» SUPPLIED DATA
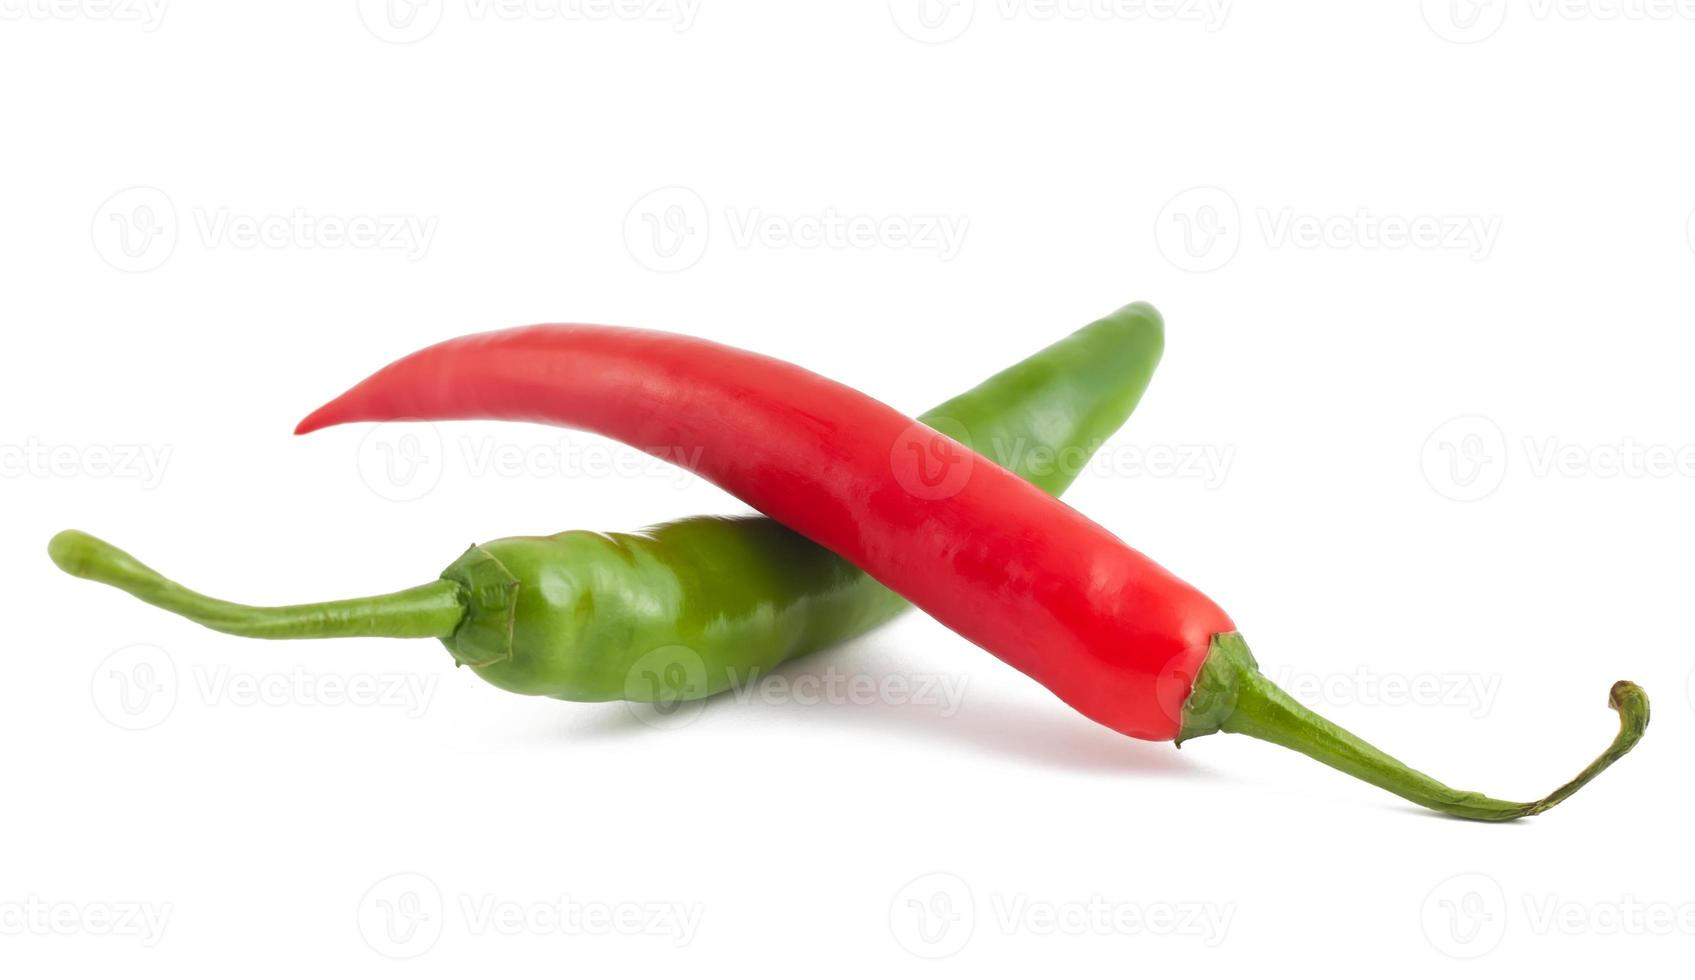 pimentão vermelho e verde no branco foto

--

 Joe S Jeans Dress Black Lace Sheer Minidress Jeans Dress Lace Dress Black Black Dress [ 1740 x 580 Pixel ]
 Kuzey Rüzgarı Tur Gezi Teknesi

» TRY IT
Please reproduce exactly the lines in the listing above from the one containing "Joe S Jeans" through the one containing "Kuzey Rüzgarı Tur Gezi Teknesi", both included, and nothing more.

» RESULT BELOW
 Joe S Jeans Dress Black Lace Sheer Minidress Jeans Dress Lace Dress Black Black Dress [ 1740 x 580 Pixel ]
 Kuzey Rüzgarı Tur Gezi Teknesi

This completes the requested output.